Seattle - Seattle Seahawks quarterback Russell Wilson is to become the highest-paid player in the NFL after agreeing a four-year contract extension worth $140 million (R2 billion), reports said on Tuesday.
Wilson appeared to confirm the reports with a video message on Twitter.
"Seattle, we got a deal," Wilson said.
"Go Hawks. But I'ma see y'all in the morning. Time for y'all to go to bed."
ESPN reported that the new contract would tie the 30-year-old quarterback to the Seahawks through the 2023 season.
The deal includes a $65 million signing bonus and $107 million in guaranteed money.
With an average salary of $35 million per year, Wilson's deal eclipses Green Bay Packers quarterback Aaron Rodgers' deal signed last year which was then the richest contract in the NFL.
Rodgers salary is worth around $33.5 million a season. Wilson's signing bonus also tops Rodgers' then-record signing fee of $57.5 million.
Wilson's deal also includes a no-trade clause, ESPN reported.
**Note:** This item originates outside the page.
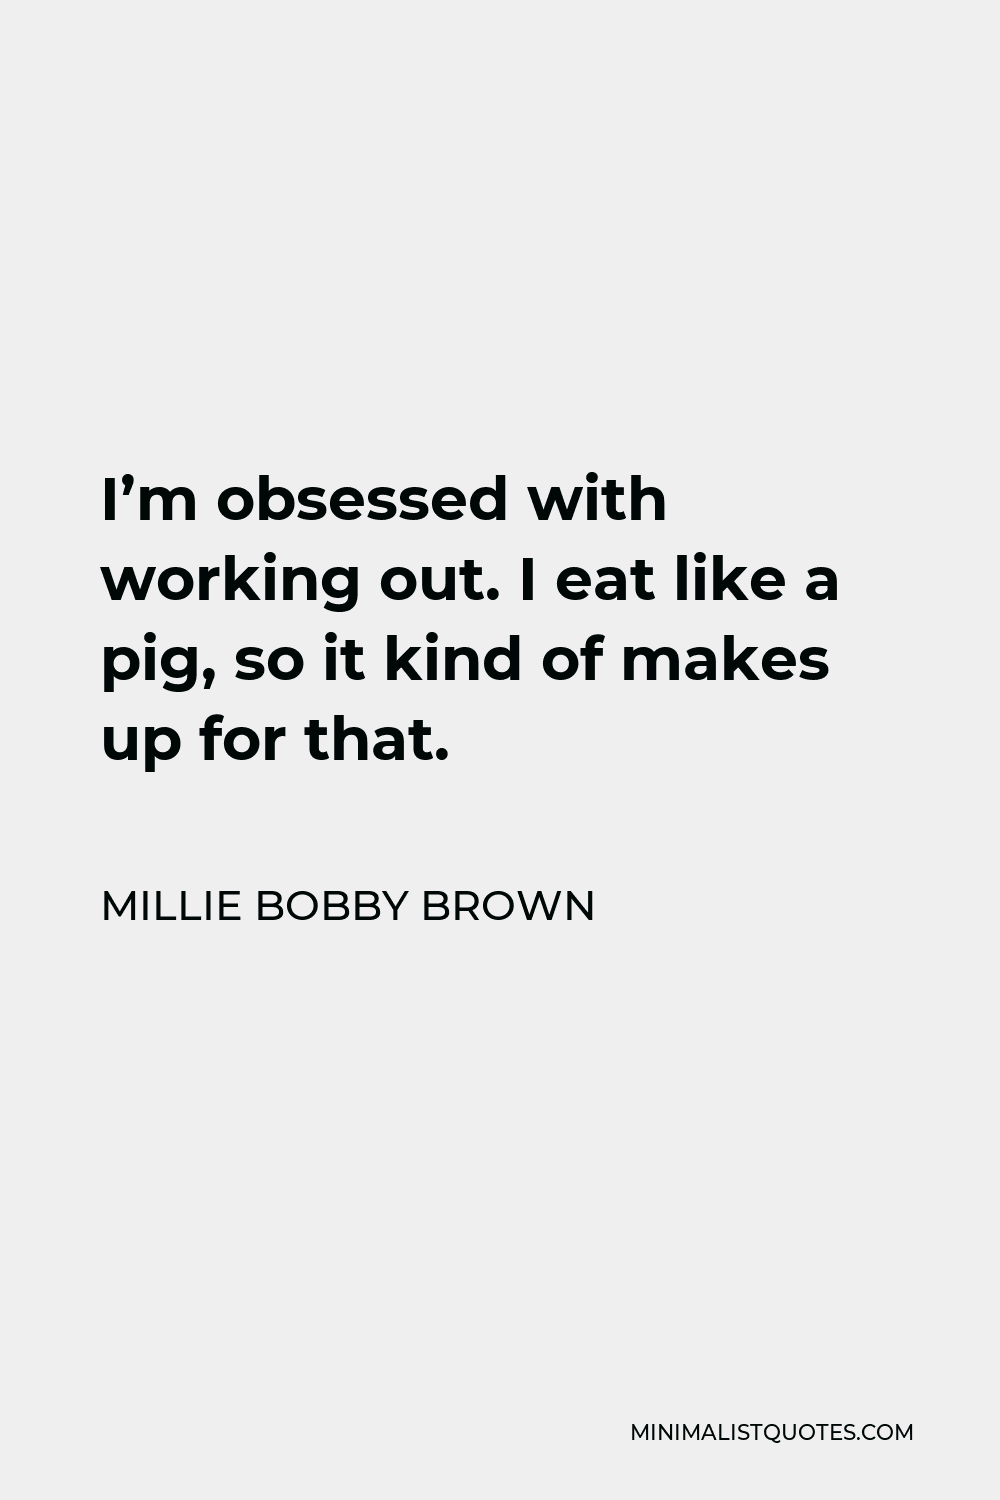 Millie Bobby Brown Quote - I’m obsessed with working out. I eat like a pig, so it kind of makes up for that.

The deal comes after an uneasy standoff between Wilson and the Seahawks.
Wilson, a five-time Pro Bowler who led the Seahawks to their one and only Super Bowl victory in 2014, had given the team a deadline of midnight on Monday to get a new deal put in place. This year marks the final year of a contract extension agreed in 2015 which would have seen him paid $17 million in 2019.
Wilson however had always indicated his preference to remain in Seattle, telling reporters at the end of last season he wanted to stay.
"It's business and everything," he said.
"I know essentially after the season, I could potentially be a free agent, that kind of thing. I don't think that way. I see myself being in Seattle. I love Seattle, and it's a special place for me."
Wilson's deal comes after the most statistically successful season of his career in Seattle. In 2018, he achieved a 65.6% completion rate for passing, while throwing for 35 touchdowns, his highest ever numbers.